Safların karşılıklı netleştiği, tarafların göğüs göğüse ve mertçe düşmanını üzerine hücum ettiği yılları gerilerde bırakalı çok ama çok oldu. Osmanlı’nın iç ve dış hainlarin el birliğiyle tarih sahnesinden çekildiği günlerden beri savaşlar da şekil değiştirdi. Aba altından sopa gösterecek gücü olanlar, kendilerine göre sopalık gördüklerini müttefiklik adı altında avuçlarının içinde tutuyor, istedikleri zaman sopanın ucunu gösterip, istedikleri gibi sömürebiliyorlar. Zikretmesi hiç kolay değil ama ne yazık ki, güzel ülkemiz Türkiyemiz de son yıllara kadar müttefik abilerinin sopasıyla dizayn edilen o garip ülkelerden biriydi.
1915 yılında Osmanlı topraklarında gerçekleşen Ermeni Tehciri sırasında yaşanan olaylar, Ermeniler tarafından Tehcir bahanesiyle Türkler bize soykırım yaptı yalanıyla yıllardır bütün dünyaya pazarlanıyor. Türkiye Cumhuriyeti bu yalanlara karşı bütün dünyayla mücadele etmeye çalışıyor ama nafile... Çünkü zaten Türk’e düşman olan batılıların bize hak vermelerini beklemek sadece saflıktır. İşte bizim bu Ermeni Tehciri meselesini yıllardır sömüre sömüre kullanan Amerika’dır. Her 24 Nisan tarihinde Amerika Başkanı’nın ağzına bakarız. Acaba Başkan Ermeni Tehcirinden söz ederken Türkleri soykırımla suçlayacak mı? Yaşananları bir soykırım olarak değerlendirecek mi? Her yıl çekeriz bu şerefsiz sancıyı. Bu yıl da aynı sancıyı çekiyorduk ki, Amerika’da Başkan Soykırım ifadesini kullandı ve böylece biz de müttefik sopalarından birinden daha kurtulduk.
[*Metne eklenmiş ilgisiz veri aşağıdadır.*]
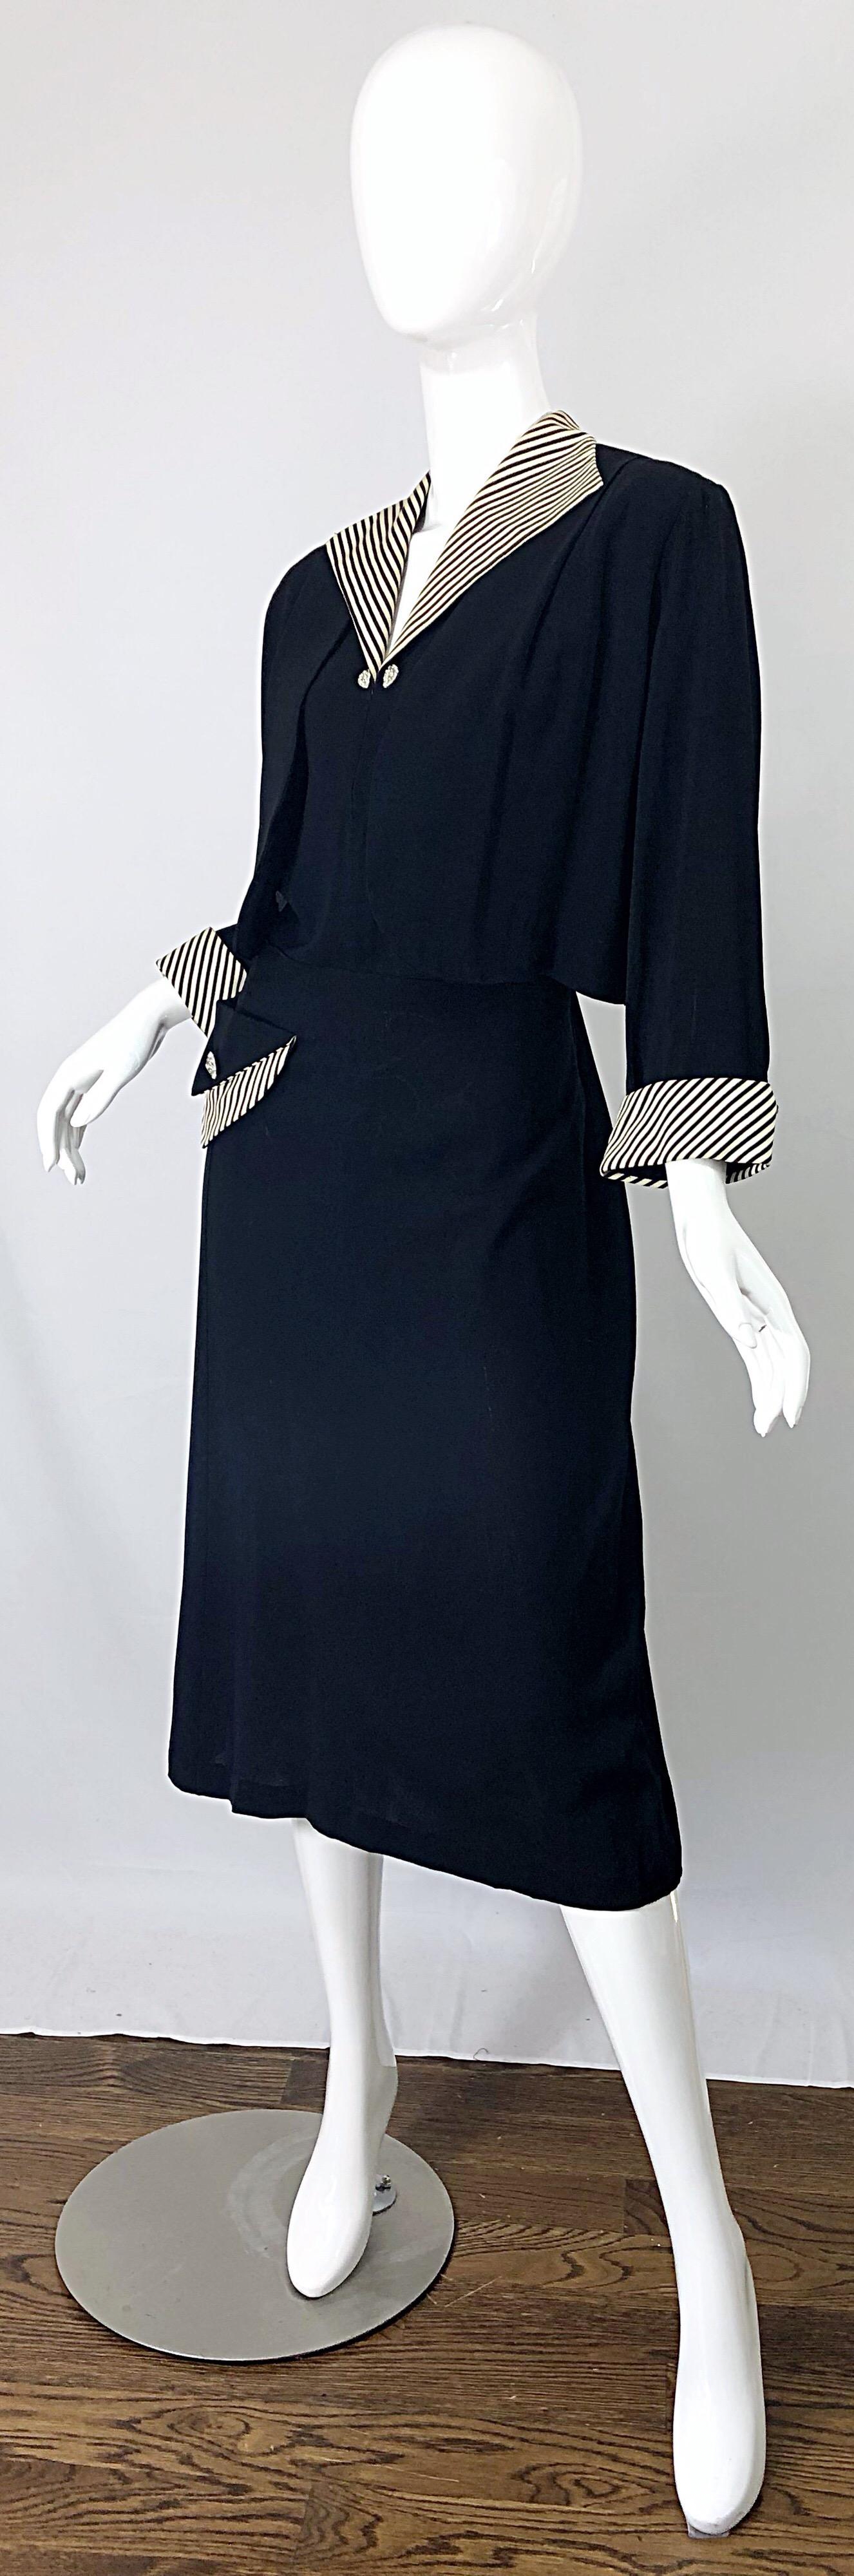 1940s Plus Size 20 / 22 Black and White Crepe Rhinestone 40s Dress and Jacket For Sale 2

Aba altında artık soykırım sopası kalmadı.
Artık 24 Nisan 2022 şimdiden anlamını yitirdi. Başkan ne der desin Ermeni lobiciler ne b.k yer yesin.
Siz kendi ürettiğiniz yalanla dünyayı aldatmaya çalışabilirsiniz ama biz bunu yemeyiz. Biz soykırım yapmış olsaydık HDP Meclis’te olur muydu? Bırakın Meclis’te olmasını bu topraklarda esamesi okunur muydu?
Şimdi varın, taburunuz birden gelin!
Sözü noktalayacak çok güzel cümleler var da kendisini anmadan edemeyeceğim Rahmetli Erbakan Hocamızın güzel ifadesiyle; “Hadi ordan domuzun uşağı sende!”